What do these two bioethicists have in common?

Bioethicist number one:

[The article I’ve been asked to comment on] doesn’t say anything remarkably new, although it does add some thoughts about the justifiability of infanticide in cases in which the infant is not severely disabled, including a discussion of whether it could be justifiable to kill the newborn infant even when there is a couple who are keen to adopt such a child.

The moral status of newborn infants is a real issue, and it is proper for academic journals to publish articles that, like this one, discuss it in a serious and well-reasoned manner. People who wish to defend the traditional view of the sanctity of all human life should respond to the authors’ arguments, not by mere abuse….

…Opponents of abortion ought to welcome articles arguing that there is no real difference of moral status between the fetus and the newborn, for they have been arguing that themselves for many years.
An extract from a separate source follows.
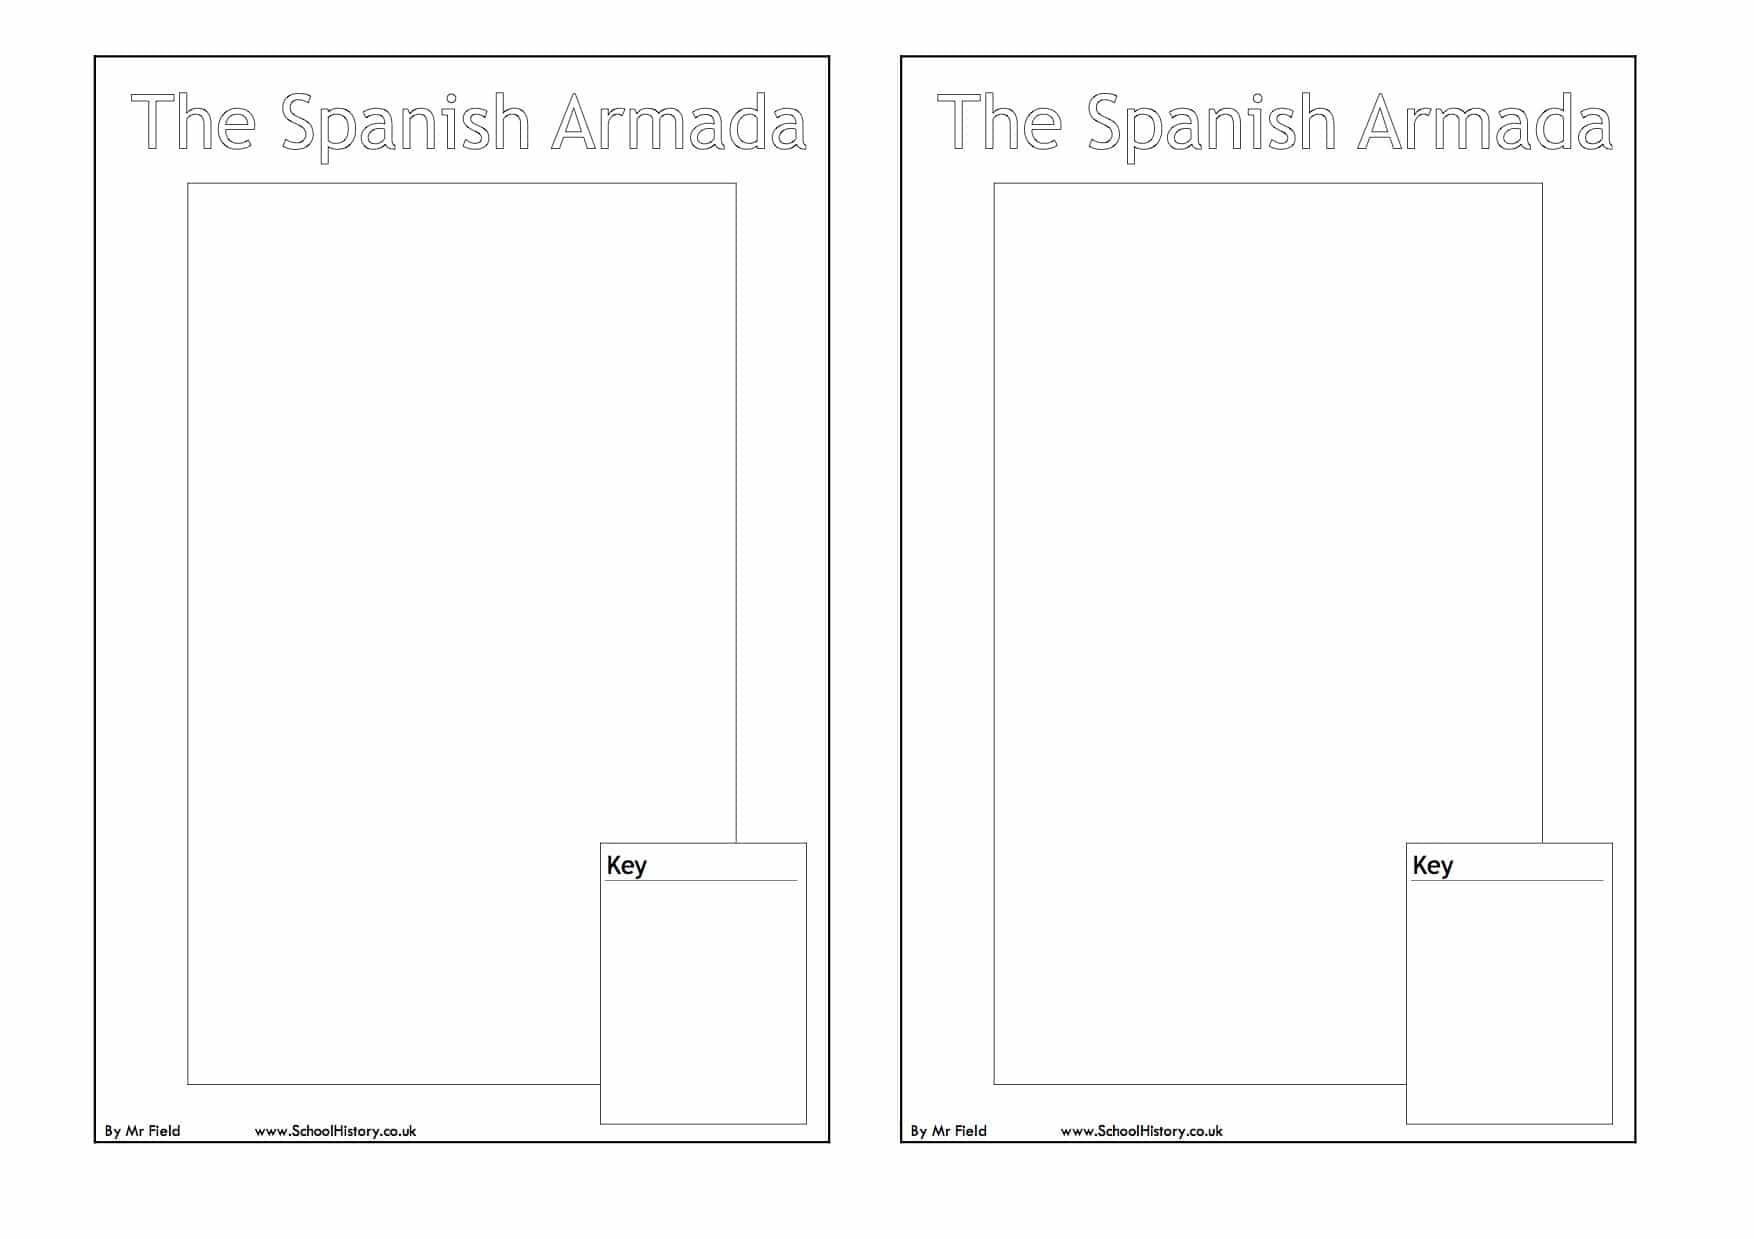 spanish armada map worksheet free blank map pdf. Black Bedroom Furniture Sets. Home Design Ideas
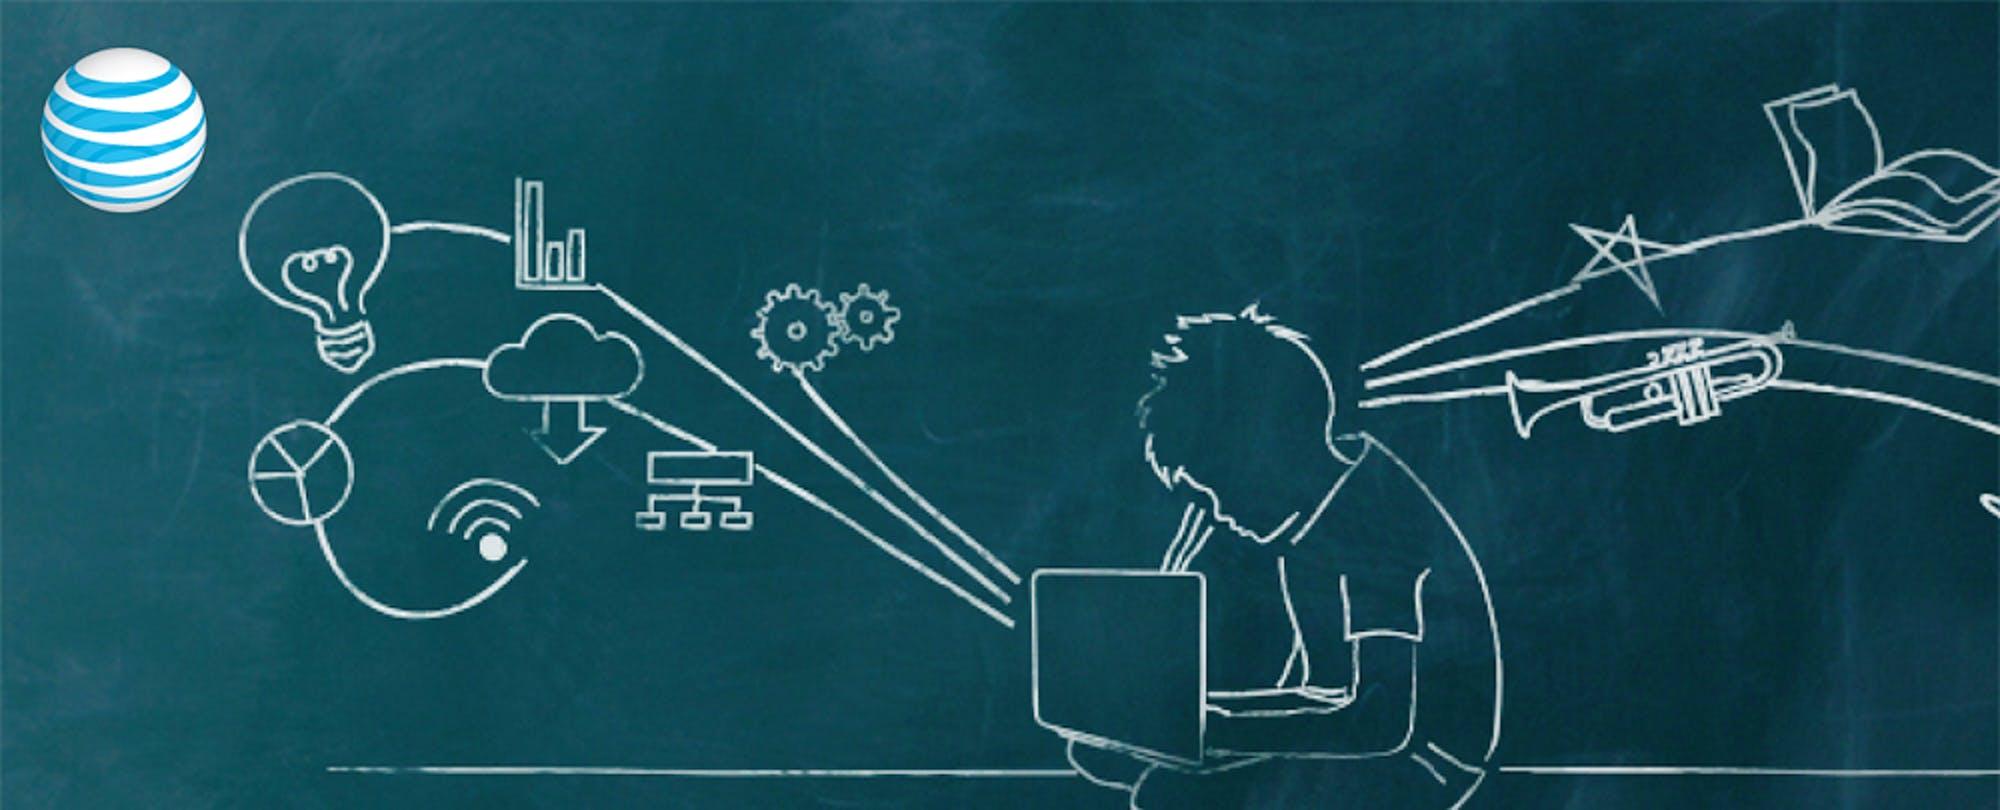 AT&T Launches Edtech Accelerator for Aspiring Entrepreneurs

Their problem, apparently, is that most of them do not know how to argue against anyone who agrees with them that the fetus and newborn infant have the same moral status, but then denies that merely existing as an innocent living human being is enough to give a being a right to life. If opponents of abortion believe they can win this debate by reason and argument, rather than by threats and intimidation, they have some work to do.

Bioethicist number two:

…The absent father who donates sperm anonymously, the financial exchanges involved, and the depersonalized laboratory environment surrounding their origins imply an element of being “used.” It can be difficult for such children to put into words what they are really feeling and experiencing…

…Because awareness of our own human roots is critical to our sense of personal identity, and because of our vulnerable “sense of self” as humans, we have a particular responsibility to avoid creating a subclass of those who have “different origins” from the rest of us. It ought to come as no surprise that subtle psychological burdens may be placed upon children born from donor sperm as they subjectively struggle with broken or absent relationships, and experience a sense of being a “commodity” or an “object” because of how they were created.

What I see both bioethicists having in common: they both defy conventional wisdom in acknowledging that the tie between parent and child remains relevant even when we don’t want it to be.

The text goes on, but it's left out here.